On June 30, 2016, Genmab had a cash position of DKK 3,762 million compared to DKK 3,493 million at December 31, 2015. This represented a net increase of DKK 269 million, which was driven primarily by income from operations and the proceeds from the exercise of warrants for DKK 82 million.
Business Progress Second Quarter

Daratumumab
May: Achieved a USD 30 million milestone triggered by the first commercial sale of DARZALEX in Europe.
May: Announced that the European Commission (EC) granted a conditional marketing authorization for DARZALEX for heavily pre-treated or double-refractory multiple myeloma. The approval followed a positive recommendation for DARZALEX from the CHMP of the European Medicines Agency (EMA) in April.
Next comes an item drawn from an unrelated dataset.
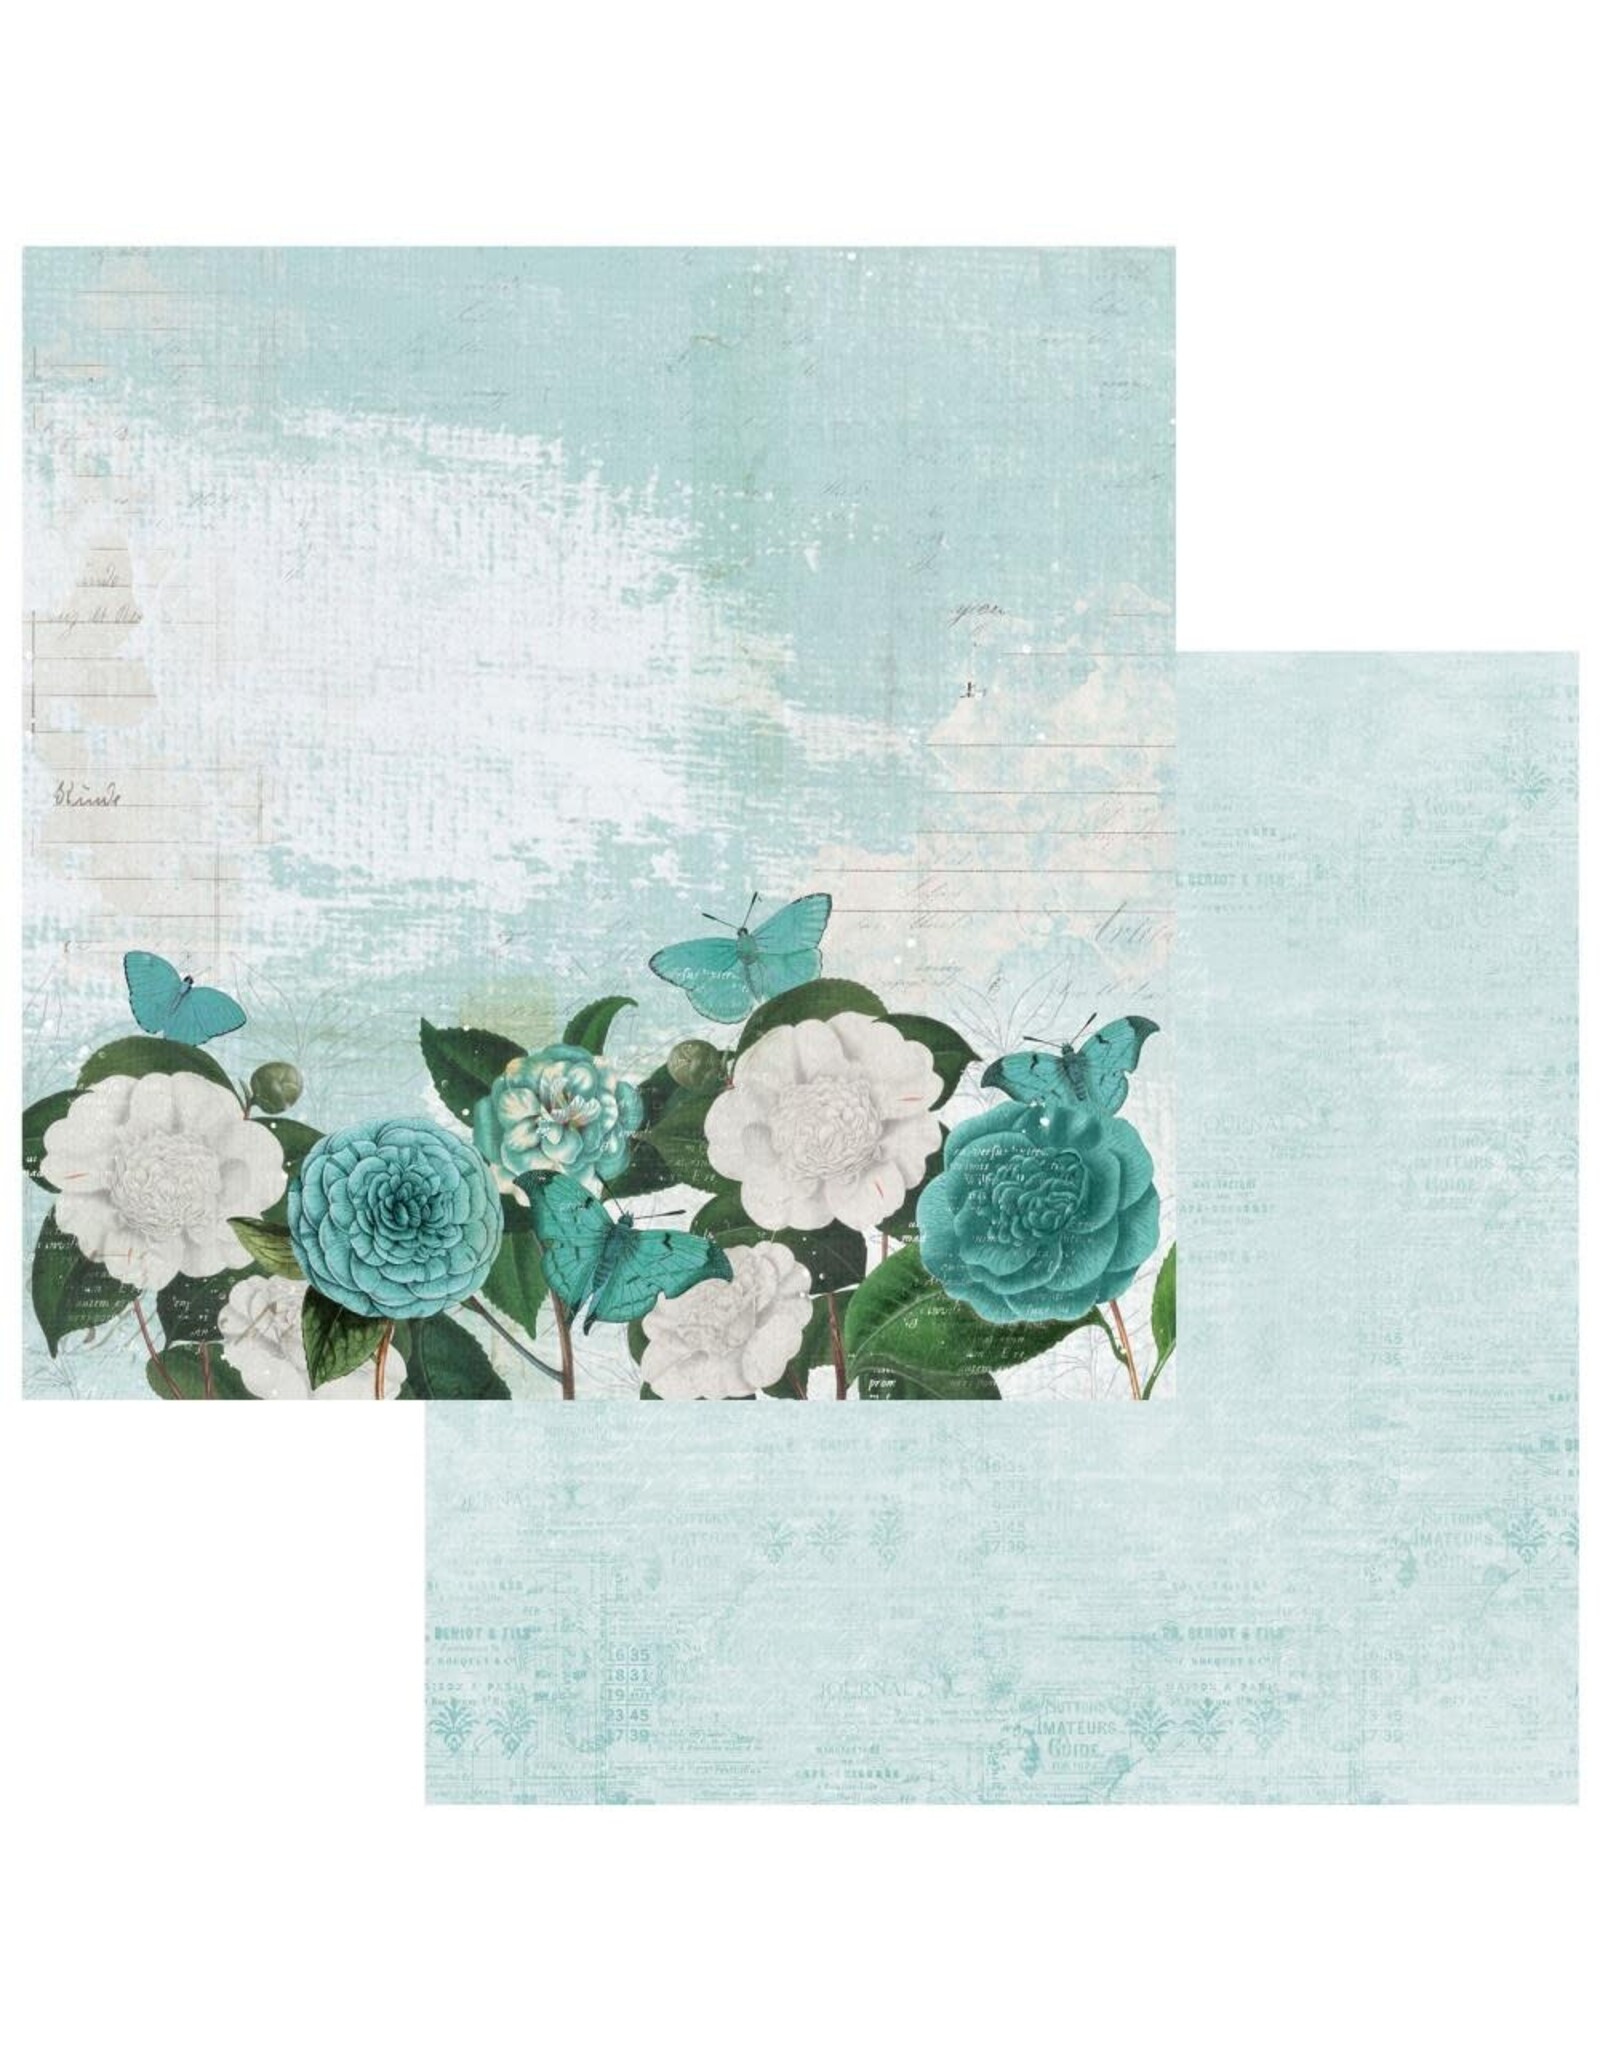 49 AND MARKET Color Swatch Teal 12x12 - #5

May: Announced that the Phase III POLLUX study (MMY3003) of daratumumab in combination with lenalidomide and dexamethasone in patients with relapsed or refractory multiple myeloma met the primary endpoint at a pre-planned interim analysis (Hazard Ratio (HR) = 0.37 (95% CI 0.27-0.52), p<0.0001). Patients who received treatment with daratumumab in combination with lenalidomide and dexamethasone had a 63% reduction in risk of their disease progressing, compared to those who did not receive daratumumab. The median progression free survival (PFS) for patients treated with daratumumab in combination with lenalidomide and dexamethasone has not been reached, compared to an estimated median PFS of 18.4 months for patients who received lenalidomide and dexamethasone alone. Janssen will engage in a dialogue with health authorities about the potential for a regulatory submission for this indication.

April: Reported more detailed data from the Phase III CASTOR (MMY3004) study of daratumumab in combination with bortezomib and dexamethasone versus bortezomib and dexamethasone in patients with relapsed or refractory multiple myeloma. The study met the primary endpoint of improving PFS; HR = 0.39, p<0.0001. The median PFS for patients treated with daratumumab has not been reached, compared to median PFS of 7.2 months for patients who did not receive daratumumab.
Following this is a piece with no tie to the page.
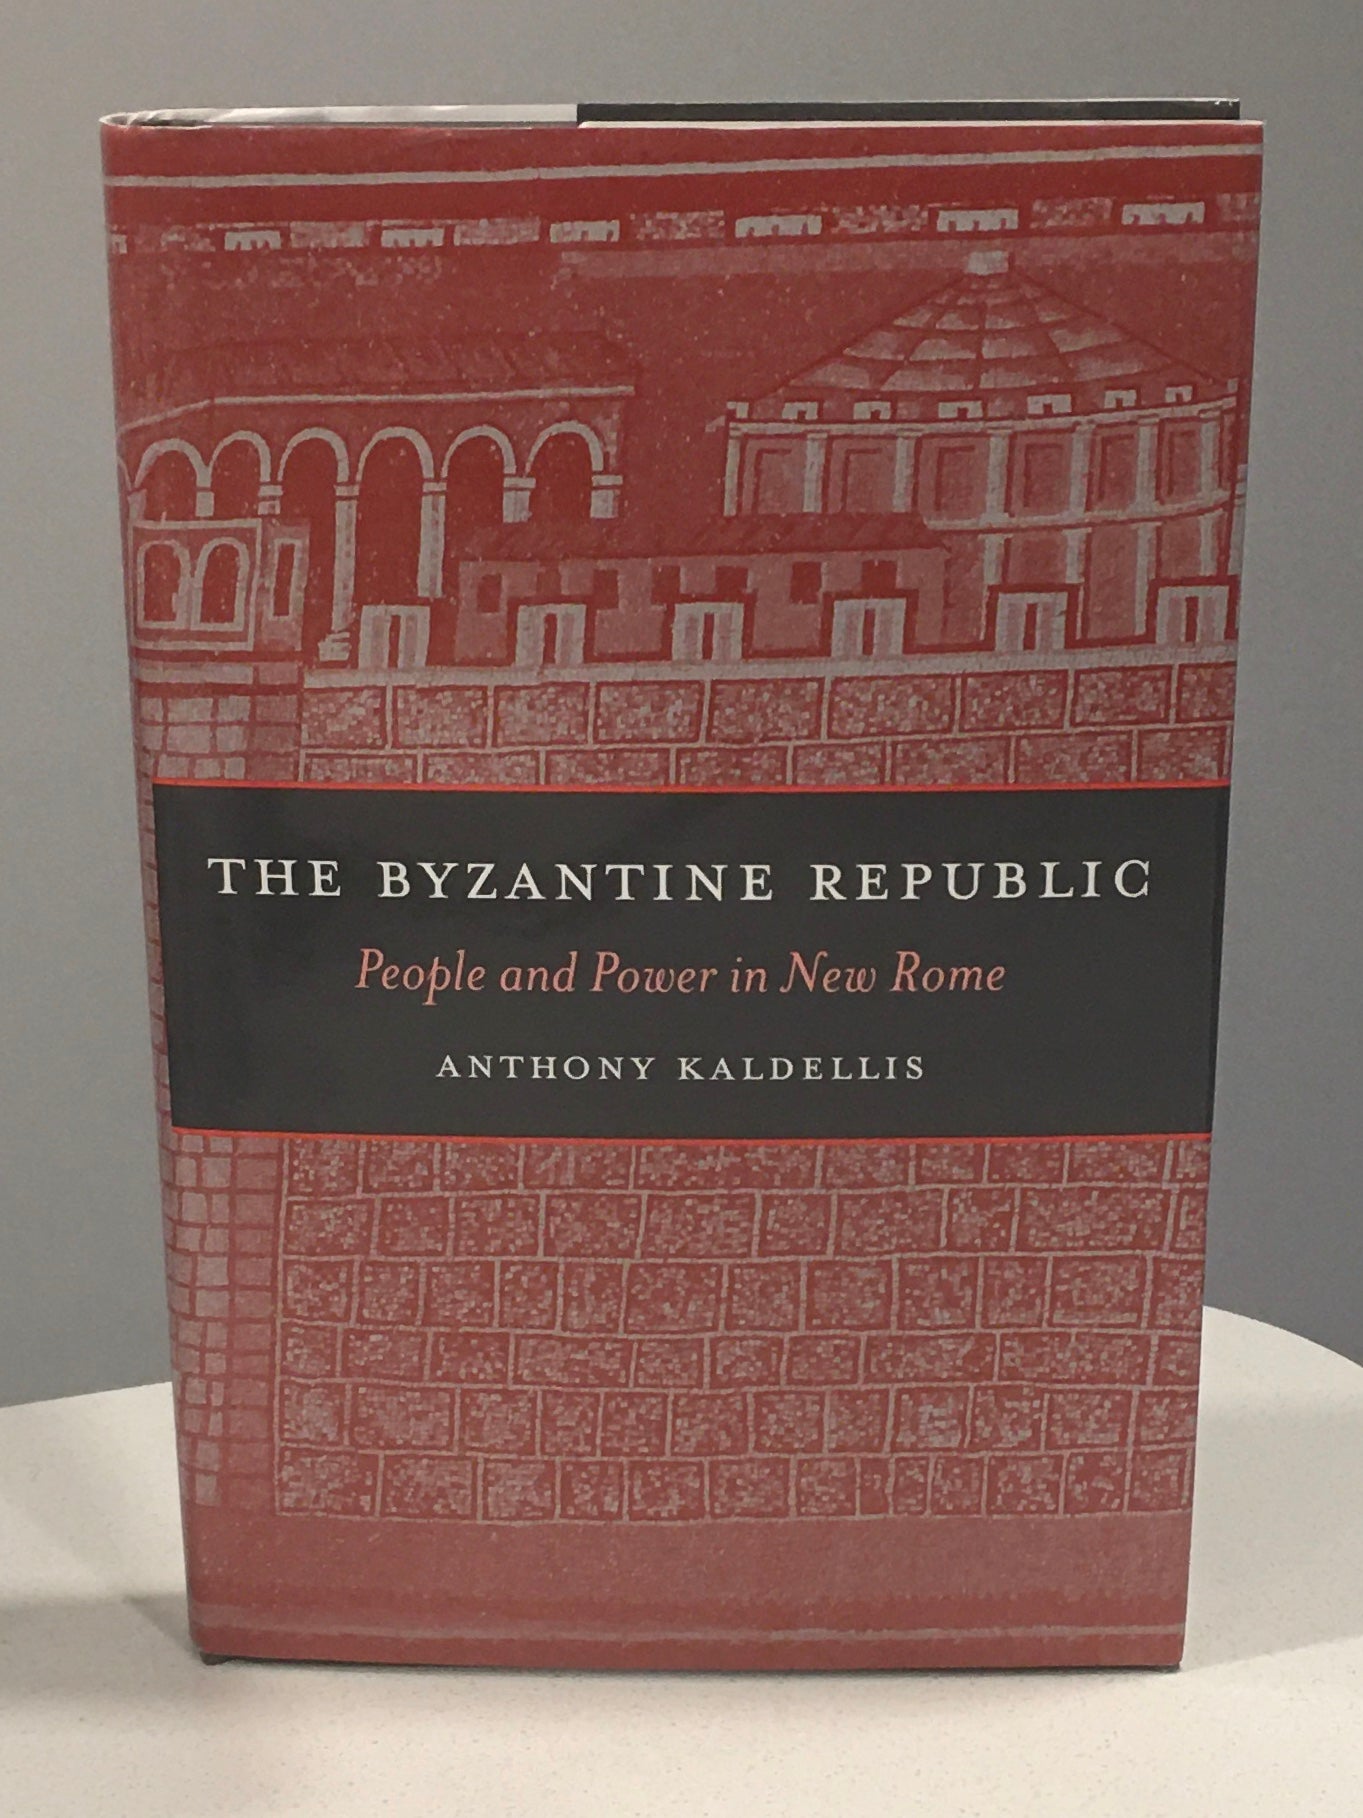 The Byzantine Republic  People and Power in New Rome

April: Announced that MorphoSys filed a complaint at the U.S. District Court of Delaware against Genmab and Janssen Biotech, Inc. (Janssen), for patent infringement under U.S. patent no. 8,263,746 based on activities relating to the manufacture, use and sale of DARZALEX in the United States. Genmab and Janssen disagree with the allegations made by MorphoSys in its complaint for patent infringement and intend to vigorously contest those allegations.

Ofatumumab
June: Announced that the CHMP of the EMA issued a negative opinion on the use of Arzerra as maintenance therapy for patients with relapsed CLL.
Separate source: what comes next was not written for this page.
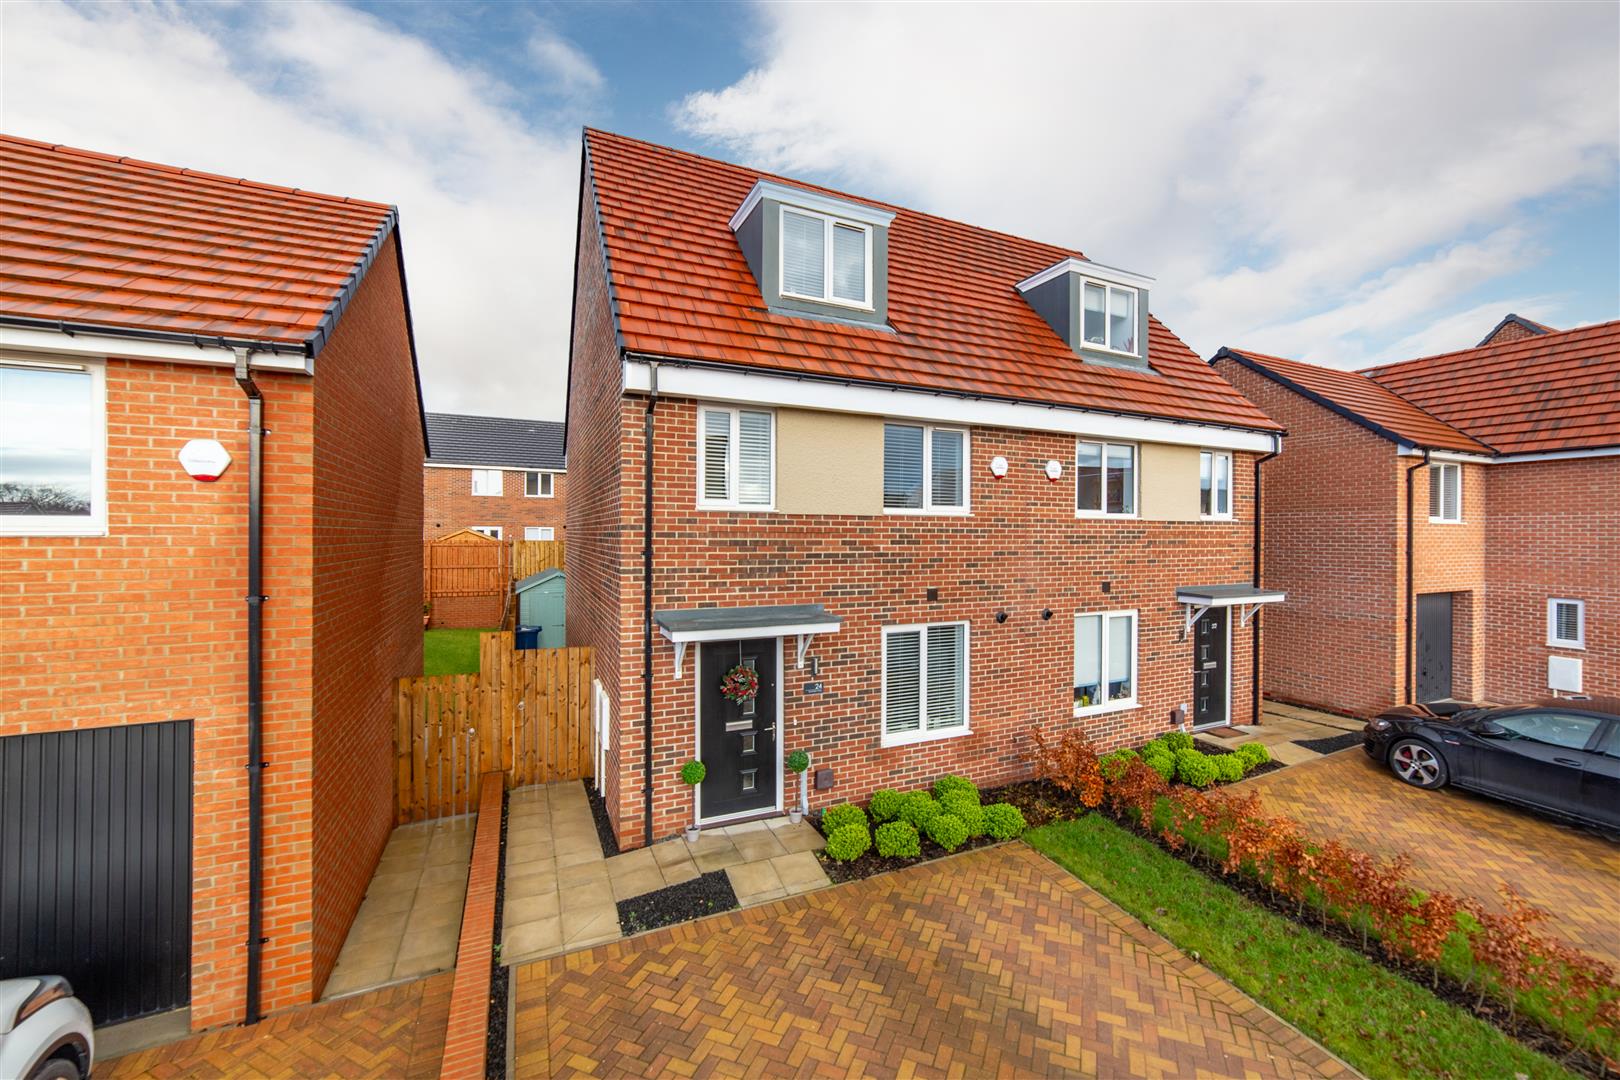 3 bed semi-detached house for sale in Bramble Way, Great Park, NE13

June: Announced that Novartis will start Phase III studies of the subcutaneous formulation of ofatumumab in relapsing multiple sclerosis (MS) with enrollment of patients to start in September 2016.

May: Announced that the U.S. FDA granted Priority Review to the supplemental Biologics License Application (sBLA) for the use of ofatumumab in combination with FC for the treatment of patients with relapsed CLL.

Subsequent Event
July: The U.S. FDA granted Breakthrough Therapy Designation for DARZALEX injection in combination with lenalidomide and dexamethasone, or bortezomib and dexamethasone for the treatment of patients with multiple myeloma who have received at least one prior therapy. Breakthrough Therapy Designation is a program intended to expedite the development and review of drugs to treat serious or life-threatening diseases in cases where preliminary clinical evidence shows that the drug may provide substantial improvements over available therapy.